Protecting God’s vanishing creation

By : Orlan Ravanera Mindanao Today/03:04:17pm 08/10/2021


FOR 12 years (1980-1992), I had been in an environmental movement that was in the forefront of taking direct actions to protect our remaining forest and our seas, being then the Chairman of a network of some 300 people’s and non-government organizations who have come together to form the last line of defense to stop our accelerating drive towards ecological disasters.

I had the privilege of meeting and working with almost all the 5,000-strong members of Task Force Macajalar composed of farmers, fisherfolks, women, “lumad” and environmental activists in all those years of environmental struggle.

I would join them at sea as we launched nightly sea-borne patrols to stop industrial pollution and all kinds of illegal fishing activities including the intrusion of commercial fishing in municipal waters, raking the bay of fish at the expense of the poor coastal communities.

I had been with them for days and even months in their farms and in the streets especially in the battle to save our remaining forest by staging a series of human barricades that would last even for nine long months in one year to stop the flow of logs passing through the streets of Cagayan de Oro.

As you know, in the 1970s to early 1990s, there were an average of 20 to 30 ten-wheeler trucks passing from midnight to early dawn while the city was in slumber as there was no “night café’” yet that time.
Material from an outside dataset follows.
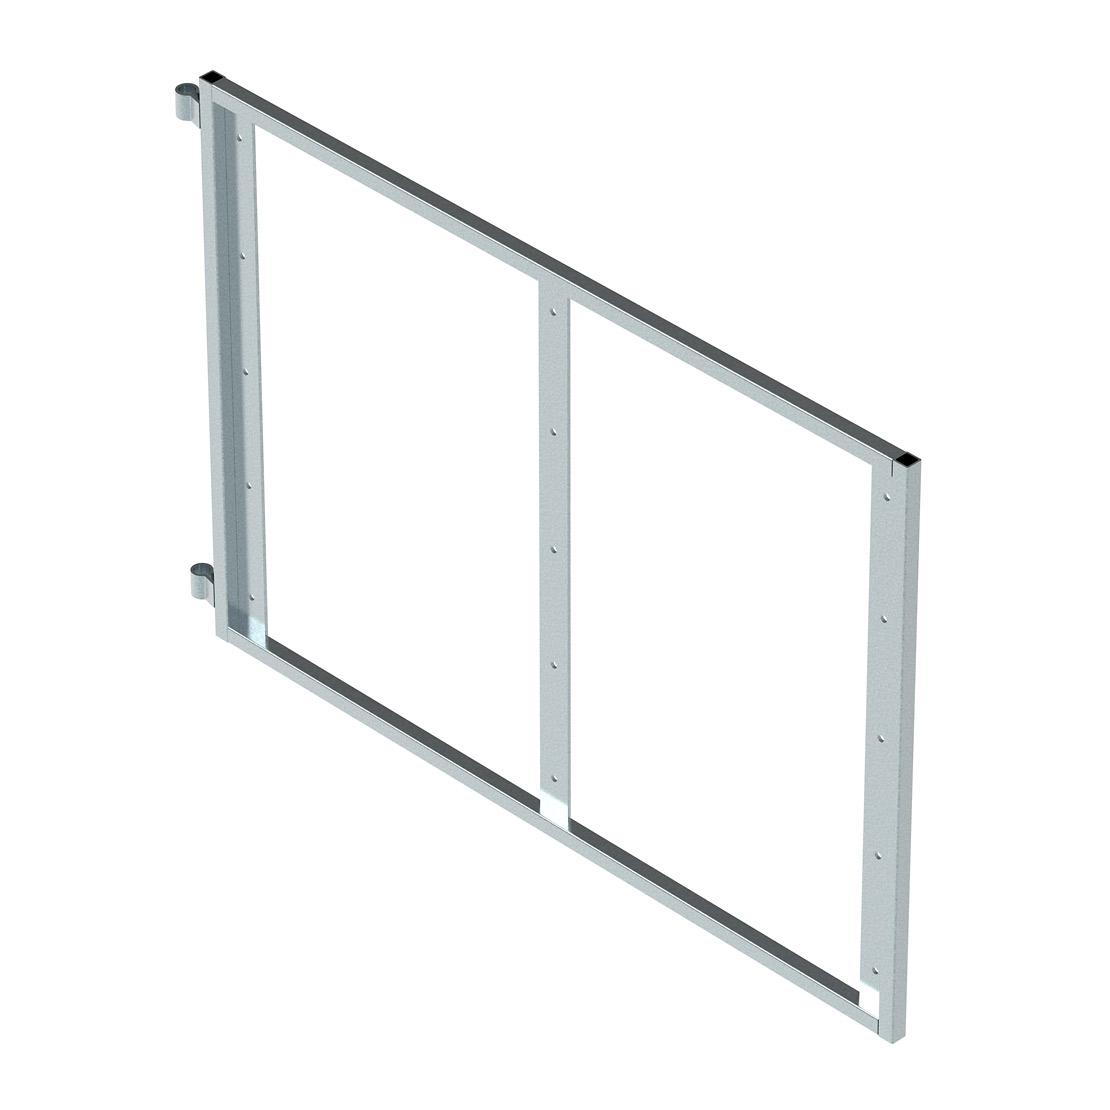 Sheepyard gate 1200mm x 850mm (frame only)

These trucks were carrying “hot” logs as these were cut in protected areas covering the watersheds of Lake Lanao and Cagayan de Oro City.

Escorted by armed men, they could easily pass check-points even if they carry fake documents.

There in front of Manresa Farms, we would dare logging trucks to overrun first our frustrate bodies on the ground before they can pass.

We were able to stop the wanton cutting of our dipterocarp species of trees that was why in 1993, we received the Public Service Award from Xavier University.

In their own right, these environmental activists were “sui generis,” as one does not meet often people who are willing to put their lives on the line for nature’s crusade.

But let me just pay tribute to two “comrades-in-arms” whom I have the honor of inter-locking arms in the silent of the seemingly unending nights in the streets as we put-up a line of defense in the streets to bravely face these roaring logging trucks.

Meet Mr. Adolfo Ares, whom we fondly called Ka Ares, a 75-year-old fisher turned farmer who was a veteran of many “battles” for the forests, an environmentalist par excellence.

I remember in 1991, during our first human barricade, we dialogued with then Secretary Angel Alcala, who came on the 5th day of the barricade.

It was Ka Ares who gave the most touching speech in tears that made Sec. Alcala, a foremost marine biologist, then and there ordered the cessation of all logging activities because of the massive harm done to the coastal eco-system through massive soil erosion and siltation of the rivers and bay.

Ka Ares was one of those who could have been killed out-rightly when a grenade was hurled to us barricaders in 1999 but miraculously did not explode.

Perhaps it was his strong faith that “darkness can never defeat the light” or that if “God is with us, who can triumph against us.”

He would brave the rains or the heat of the sun, not minding his advanced age, to man barricades.

Today, he is on another crusade to promote a kind of farming that trust in the inherent ability of nature called sustainable agriculture.

He remains steadfast in the cause of mother nature, always a fiery speaker, touching hearts, touching lives.

Mr. Antonio “Nong Tonyo” Salcedo. He was then lying on his death-bed suffering from a terminal disease, in fact, he would die three days later.

But for Nong Tonyo, the late Chairman of the Federation of Small Fishermen of Cagayan de Oro City, there was no bowing to the unrelenting pain in his bones brought about by cancer.

No amount of suffering could hold his restless spirit.

He asked his doctor to allow him to join us there during the height of our advocacy advancing as his reason that for him, “protecting God’s vanishing creation is the highest form of worship.”

He would like to meet his Creator with dignity to report that he did something to uphold ecological integrity.

Nong Tonyo had since leaped to the Great Beyond but his undaunted spirit to save the remaining forest of Mindanao continues to be seen in the thousands of small farmers, fisherfolk and women who are advancing their inherent rights for a healthful ecology.

To both of them, our firm salute and warm embrace.